言い終わると、女はそっと男に寄りかかった。男はその太い腕で女を支えた。

 

 男と女の幸せな日々が続いた。男は髪も切ったし、髭も剃った。住み易いように家をなおした。男はいままで以上に働いて、町で食べ物や布を買ってきた。女は食事をつくり、着物を縫った。女は人間である喜びを全身で感じて生きていた。

 そのようなある日、真っ白な着物を着た老人が二人の家を訪れた。女はその老人を見るなり、わなわな震えて、男の後ろに隠れた。その老人は女の父親だった。老人はおもむろに口を開いた。

「いま水仙が幸せなことはよく知っている。わしも水仙が幸せなら、このままにしておいてやりたい。だからわしも、このまま水仙がここにおれるようにいろいろと手を尽くしてきた。しかし掟は掟だ。掟には従わなくてはならない。わしも万策尽きた。いよいよ掟が執行されることになった。わしは今日、そのことをいいにきた。」

男の背中では女が激しく泣いていた。

「仙人様、どうして水仙が俺と一緒にいてはいけないだ。」

男はくいかかるように老人に言った。

「それが掟だ。水仙はもどって仙人となるか、それともここで死ぬか、どちらかだ。」

老人はきっぱりと言うとゆっくりと立ち去っていった。

 老人が立ち去った後も女は泣き続けた。男は女を抱きしめていた。

「絶対に俺がお前を守る。」

男は女に言った。

「私もいつまでもあなたと一緒にいます。」

二人は改めて硬い約束を交わした。男は狩に使う弓や槍や刀の手入れをした。女はそのようすを黙って、たのもしそうに見ていた。
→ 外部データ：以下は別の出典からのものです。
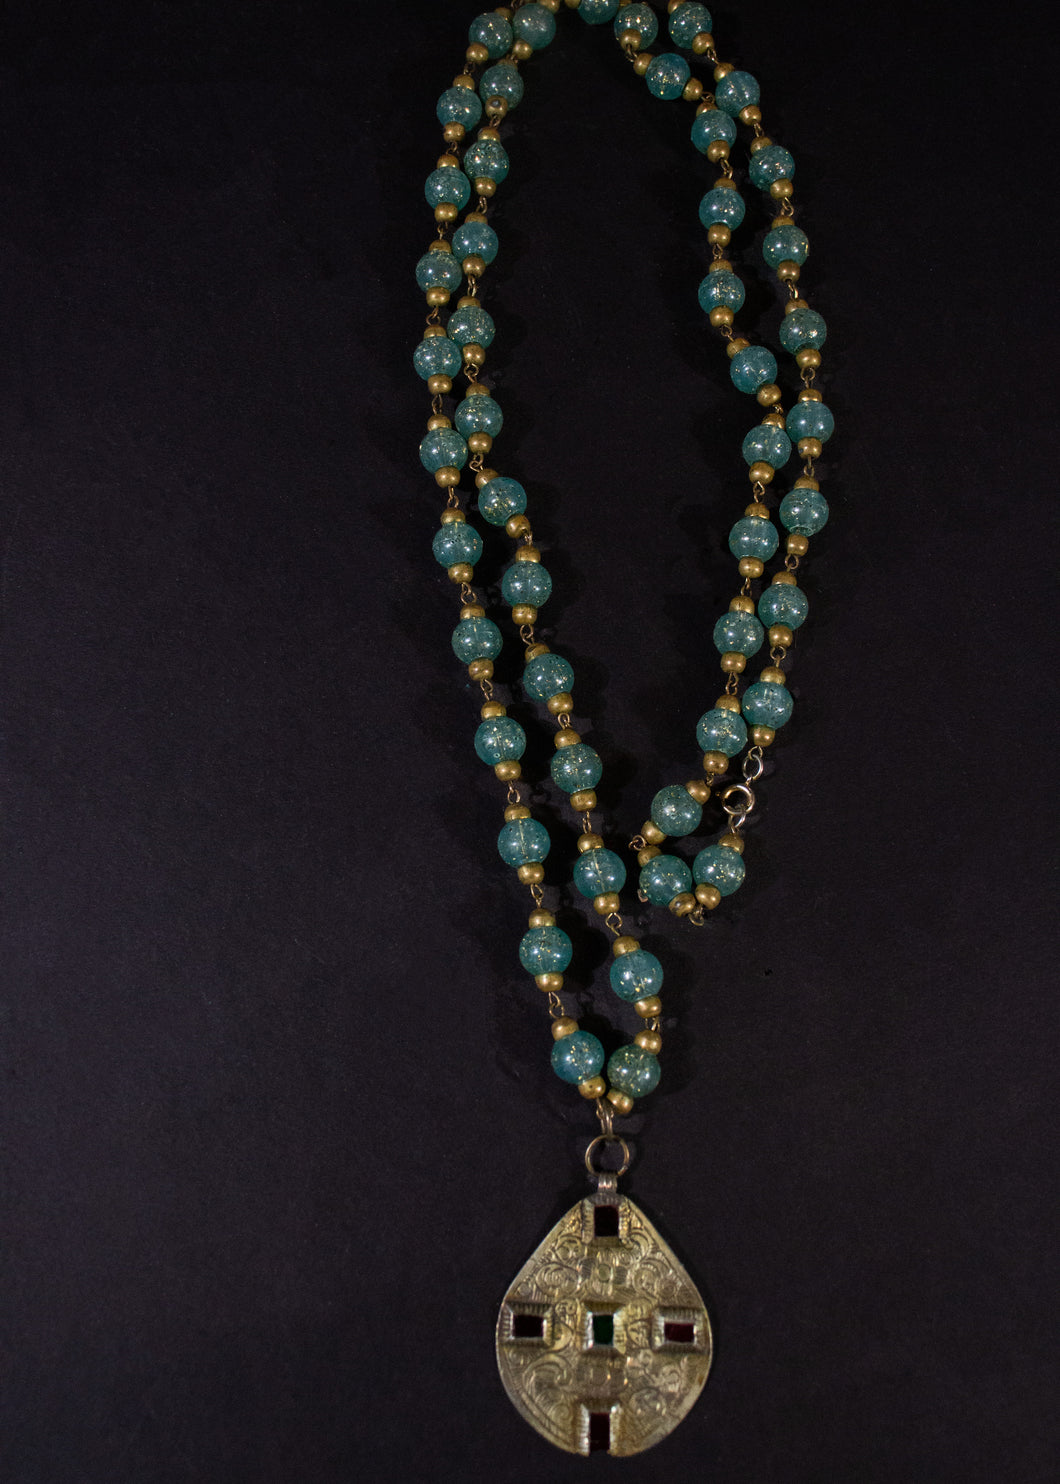 Venetian Bead Necklace with Moroccan Vermeil Charm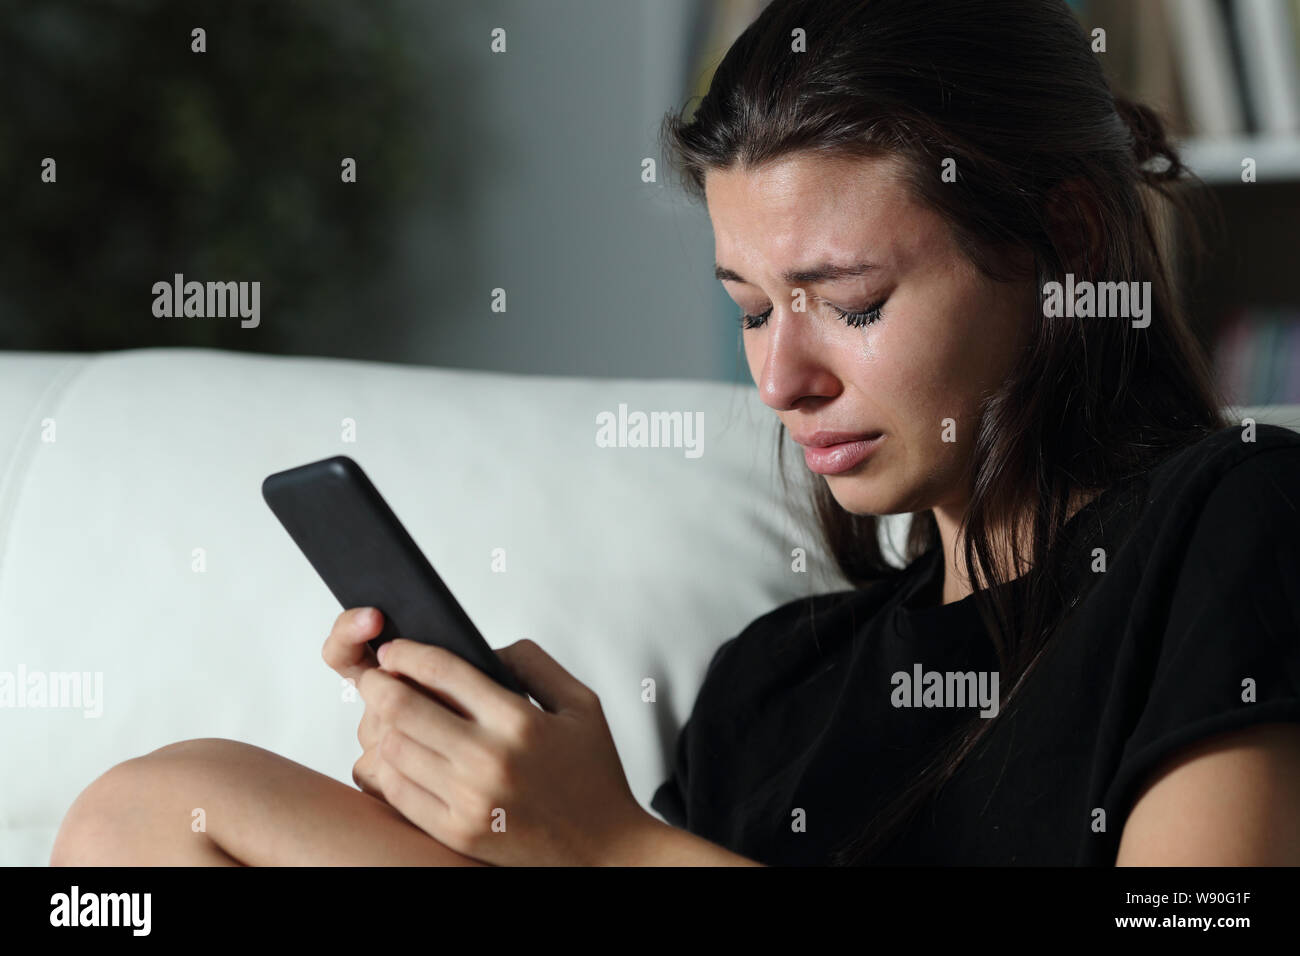 Sad teen crying after read smart phone message sitting on a couch in the dark at home Stock Photo

 その夜、男はしっかりと戸締りを確かめると、枕元に刀をおいて、女と床を並べて寝た。静かな夜だった。女は安心して、静かな寝息を立てて、眠っていた。それを見て、男も安心して、眠りこんでしまった。その夜は何事もなく過ぎていった。

 朝になって、男は目をさまして、びっくりした。隣の床に寝ているはずの女がいなかったからだ。男はあわてた。家中を捜してまわった。しかし女はどこにもいなかった。戸もきちんと閉まっており、外に出かけたようすはなかった。狐につままれた思いだった。へなへなと、女の寝ていた床の側に座り込んだとき、女の床の上に一枚の書置きを見つけた。

 

−−私はいなくなりますが、死んではいません。いつまでも、いつまでもあなたの側にいます。庭に出てみて下さい。白い小さな花が咲いています。それが私です。いつまでも、いつまでも、私を守って下さい。−−

 

男は庭に出てみた。庭には真っ白な水仙の花が一輪だけ、明るい太陽の光を浴びて、輝くように咲いていた。その季節外れの水仙の花は、女のように清楚で美しかった。男は水仙の花の前に座り込むと、生まれて初めて、長い時間涙を流し続けた。

 それ以後、その水仙の花は、男が齢老いて死ぬまで、枯れる事なく咲続けたそうだ。男が死んで、この水仙の花がどうなったかわからない。しかしこの水仙の子孫はいたるところで見られていますよね。